Given some of the sturm und drang now circulating in several matters having to do with state government, Monday night’s maiden State of the State address from Governor Bill Haslam was eagerly awaited for clues to the chief executive’s political course.

All things considered, the address was a perfect piece of triangulation — politically equidistant from most of the state’s warring factions, studiously devoid of controversial statements, and containing long-term proposals that are (or potentially could be) actual solutions. Haslam sounded, in fact, like what he appeared to be during his gubernatorial campaign — budget-conscious, moderate, and business-minded.

His prescription for dealing with a projected $1 billion shortfall from the previous year’s revenues — namely, cuts in administrative costs and via attrition — was realistic. His proposal for modest raises for state employees at a time when right-wing members of his own party are decidedly unfriendly to such notions was compassionate, bordering on heroic.

And his proposals for educational reform were, for the most part, unexceptionable. He shied away from espousing or even mentioning any of the punitive measures being aimed at unionized teachers by right-wing zealots in the General Assembly. By contrast, his own chief proposals — lengthening public school teachers’ period of tenure probation from three to five years and tying it to student performance and lifting the cap on new charter schools — were, arguably, reasonable and worth trying.

Neither the governor nor anyone else should be deceived, however. An immoderate and reckless tide is running in the General Assembly — as exemplified by Lieutenant Governor Ron Ramsey’s suggestion last week that Memphis City Schools, about to merge with Shelby County Schools, should instead be taken over by the state.

Good luck to Governor Haslam. He’ll need it.

bad dog

The laughter that rocked Memphis every morning for 22 years has faded away. John “Bad Dog” McCormack, one of Memphis’ most beloved on-air personalities, has lost his battle with leukemia. He was 55.

McCormack’s nickname was misleading. He was fully housebroken and famously kind. Nobody called him Bad Dog until his friend and fellow Rock 103 DJ Tim Spencer bought a T-shirt in New Orleans that read, “He wouldn’t sit. He wouldn’t beg. He wouldn’t heel.” One mention of that shirt on the air was all it took.
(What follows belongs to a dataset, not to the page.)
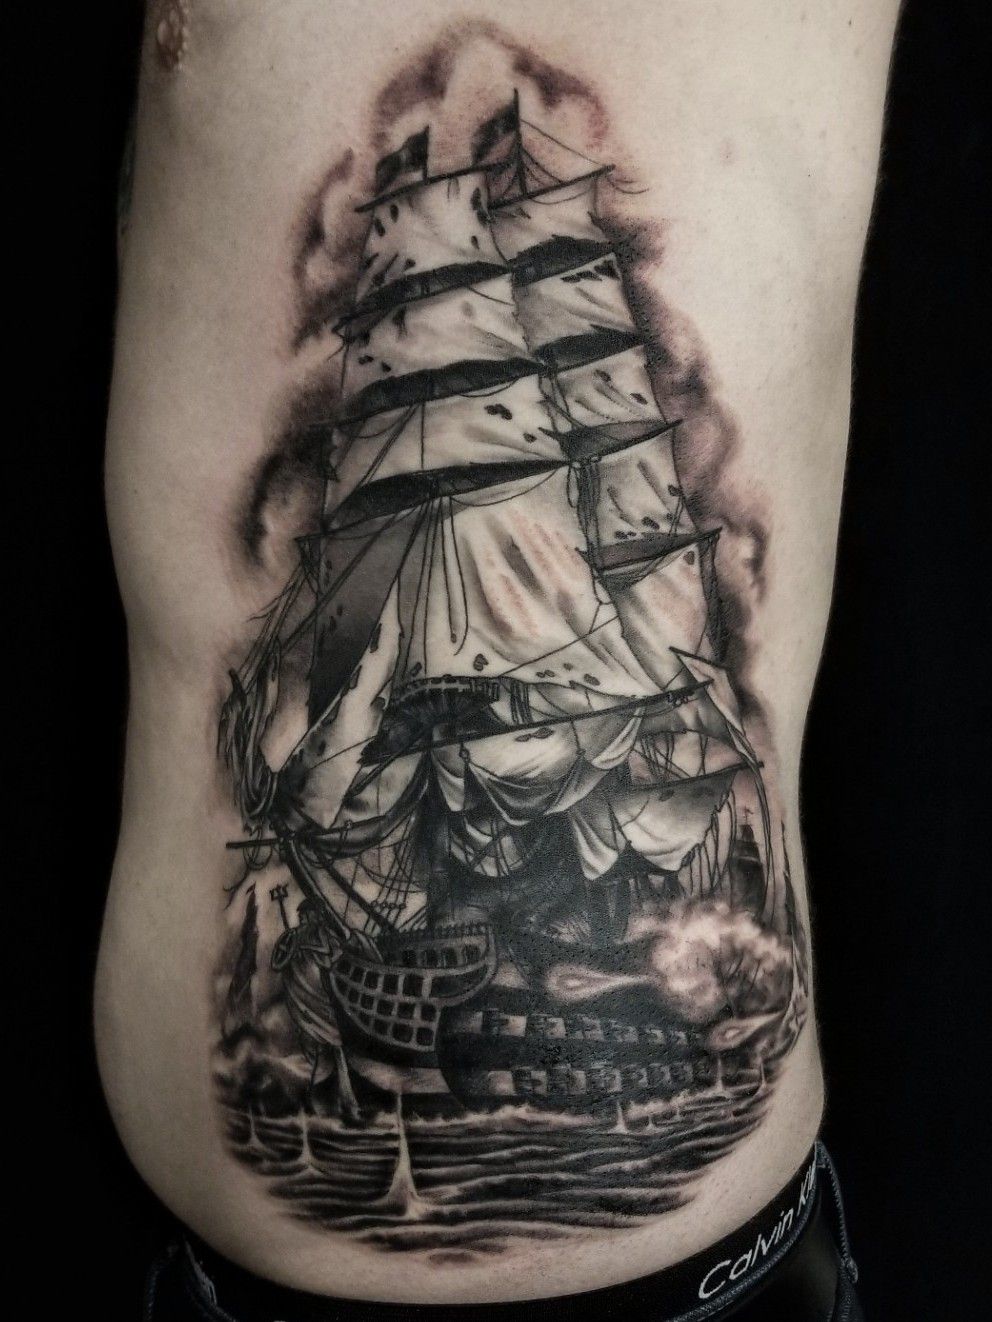 Carrie DF on Twitter Finally got another AFI tattoo Black Sails   httpstcox0CgKsdRDA  Twitter

The name stuck. But when he wasn’t cutting up and cracking up with his Wake-Up Crew co-hosts, the rowdy, round-faced funnyman made time to help those who were less fortunate than himself.

“God’s got us by the heart, the devil’s got us by the balls, and we’re caught in between,” McCormack once said, explaining the Wake-Up Crew’s commitment to hosting an annual radiothon for Ronald McDonald House, an event that has brought in millions to support families while their children receive treatment at St. Jude Children’s Research Hospital.

John McCormack may have been called Bad Dog, but he was a very good man. He will be missed.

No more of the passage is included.